=== Begin Enclosure ===

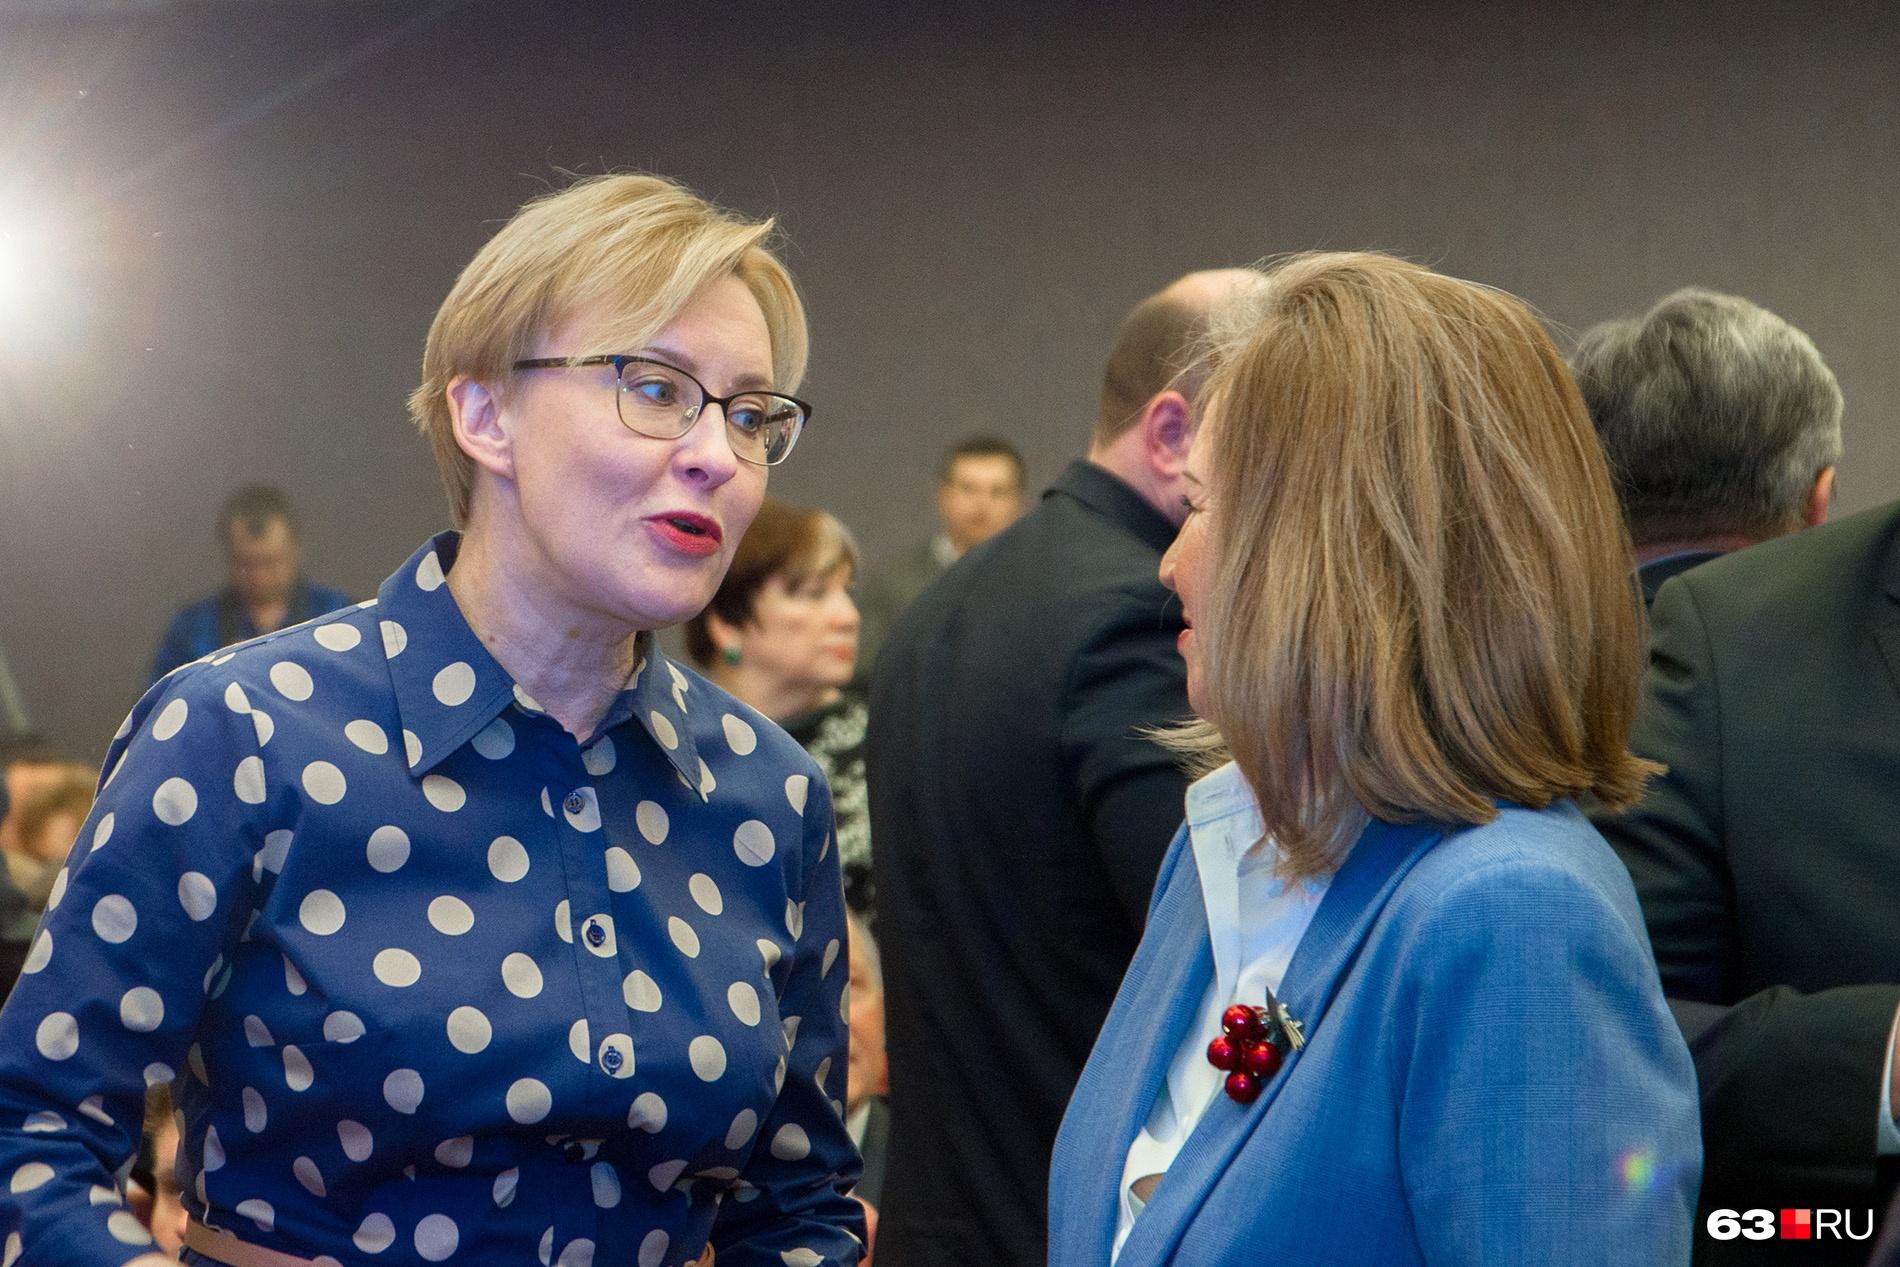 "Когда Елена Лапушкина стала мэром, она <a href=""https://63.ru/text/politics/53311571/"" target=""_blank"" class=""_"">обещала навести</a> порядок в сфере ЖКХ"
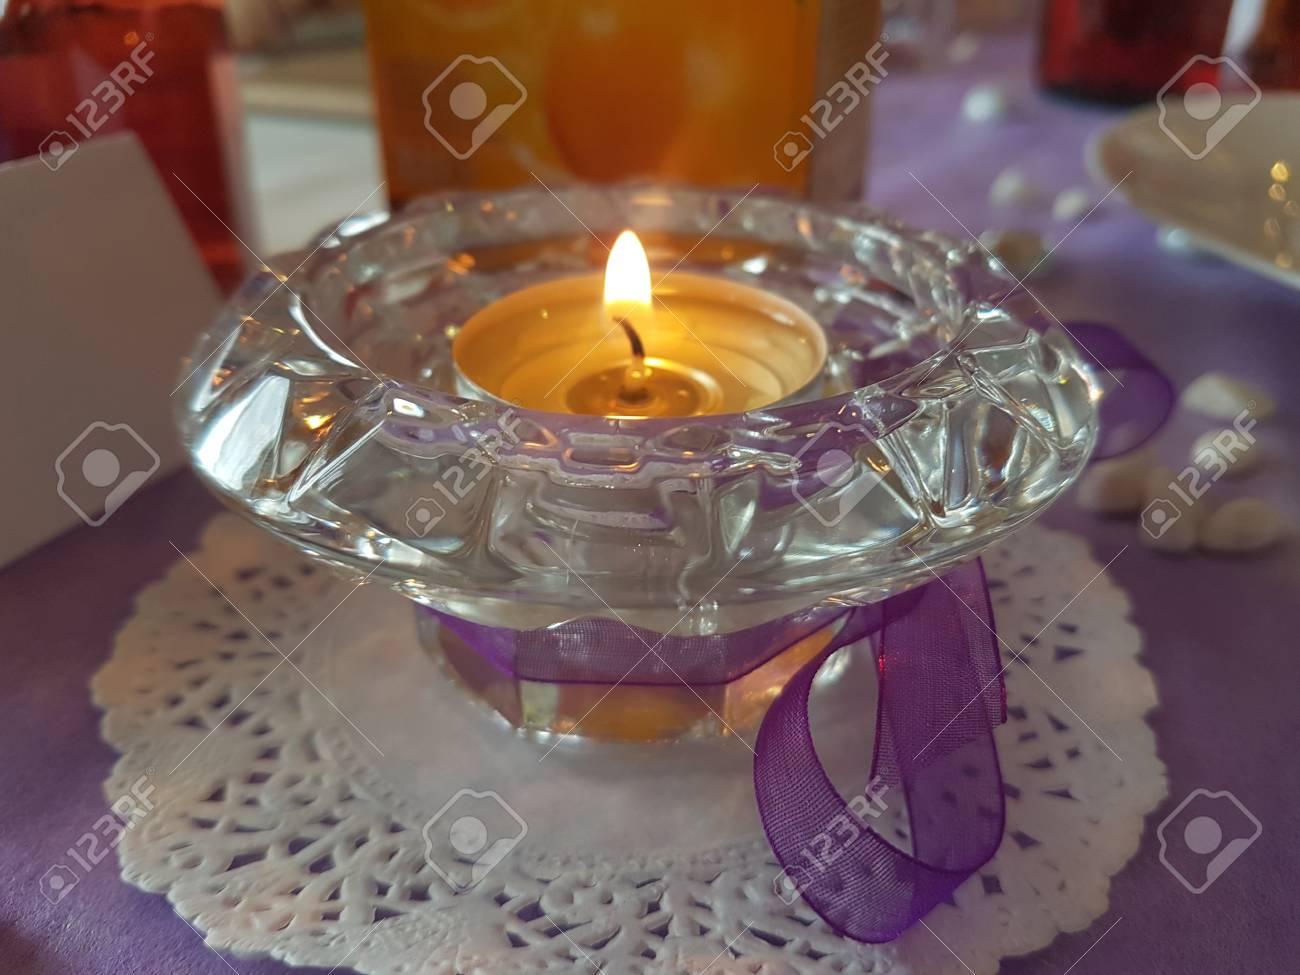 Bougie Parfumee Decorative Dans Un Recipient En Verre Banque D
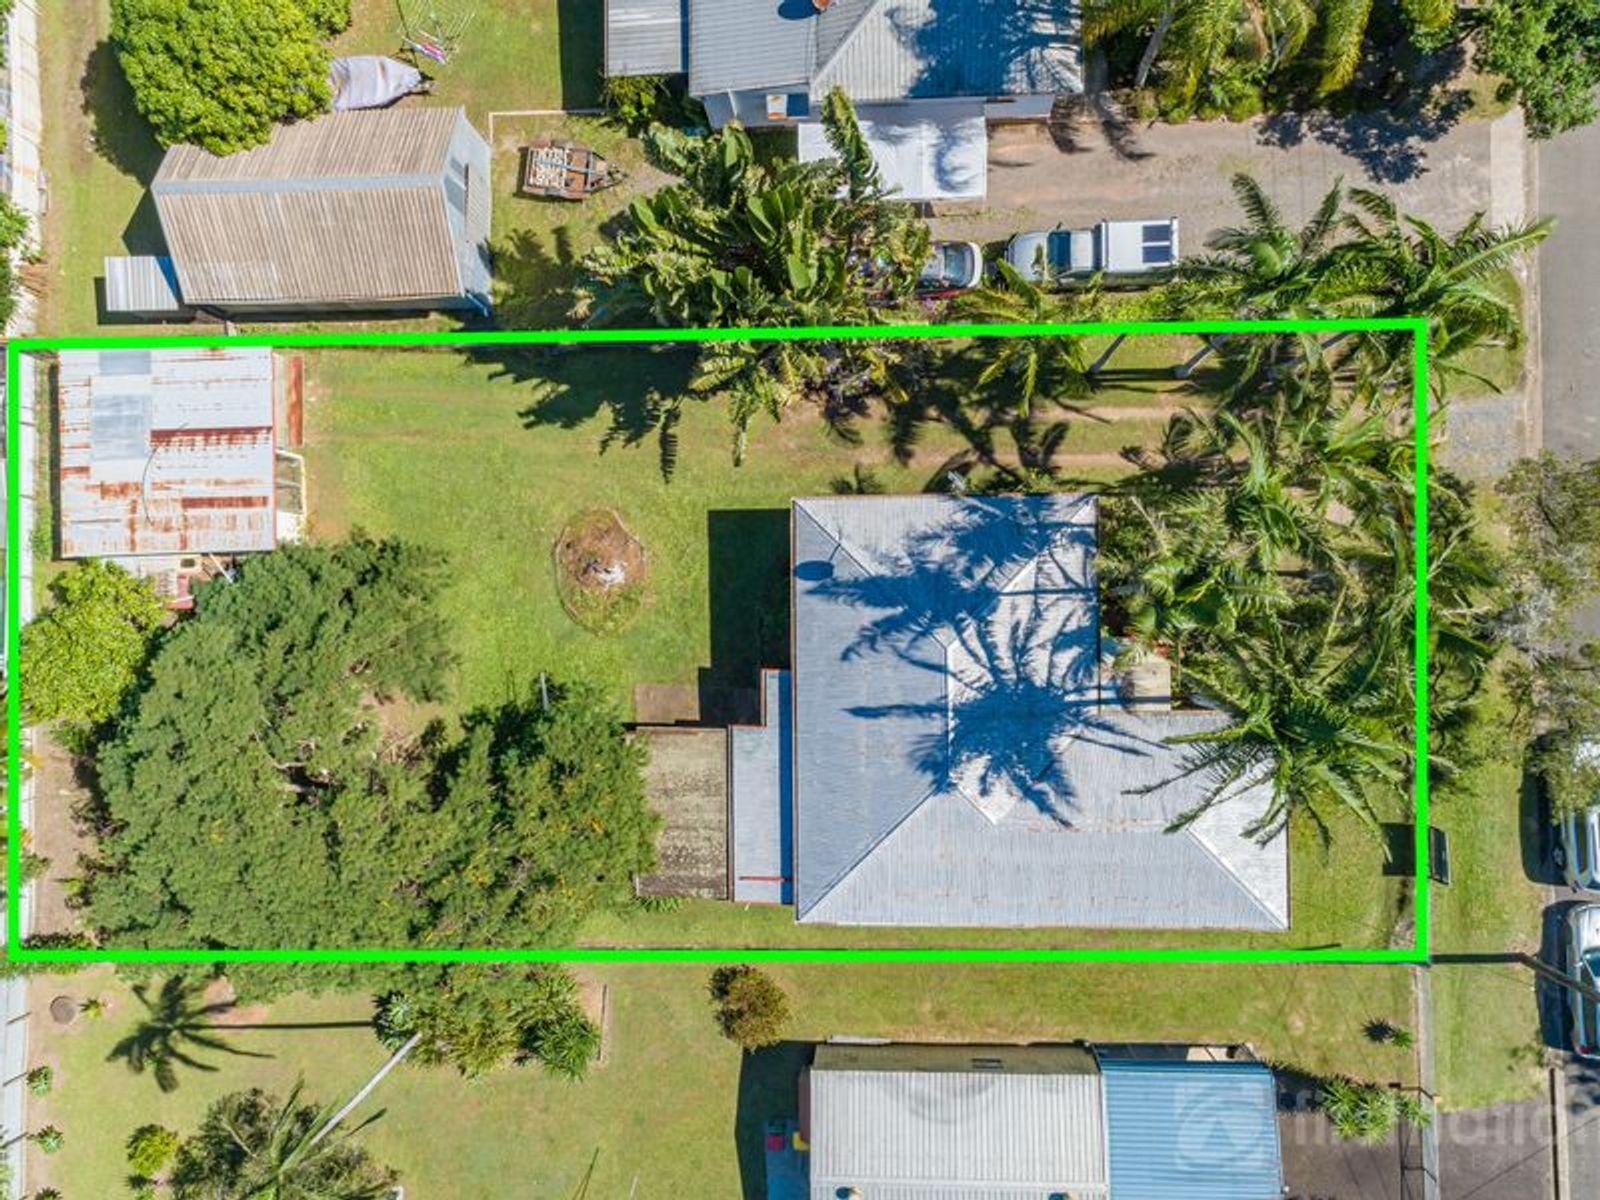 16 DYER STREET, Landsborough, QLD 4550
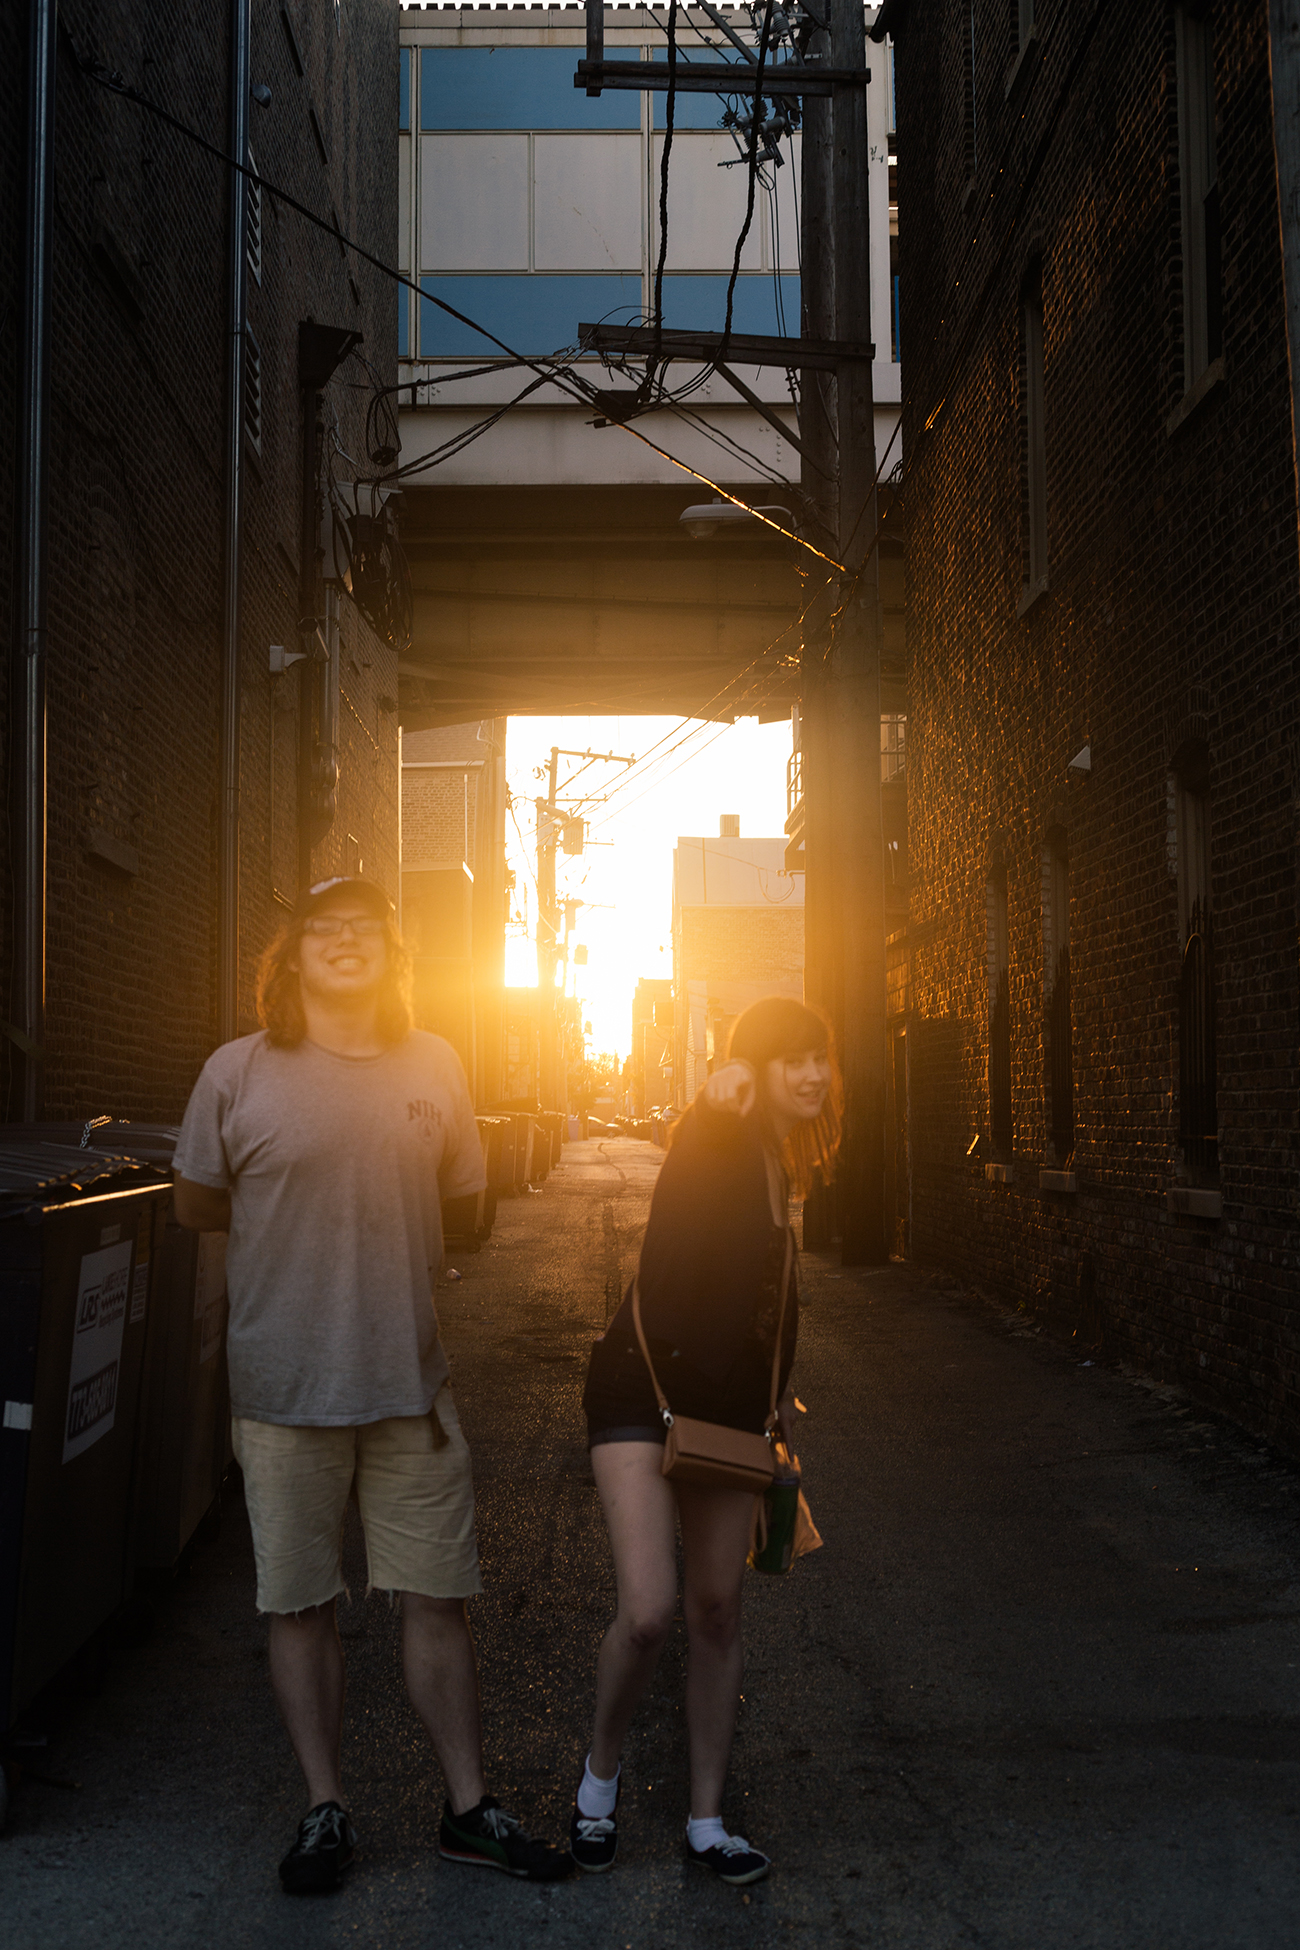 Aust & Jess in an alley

=== End Enclosure ===

Task directions: Starting with the line that contains "Bougie Parfumee Decorative", reproduce every line down to the end of the listing above, both endpoints included. Pictures stay out.

Task output:
 Bougie Parfumee Decorative Dans Un Recipient En Verre Banque D
 16 DYER STREET, Landsborough, QLD 4550
 Aust & Jess in an alley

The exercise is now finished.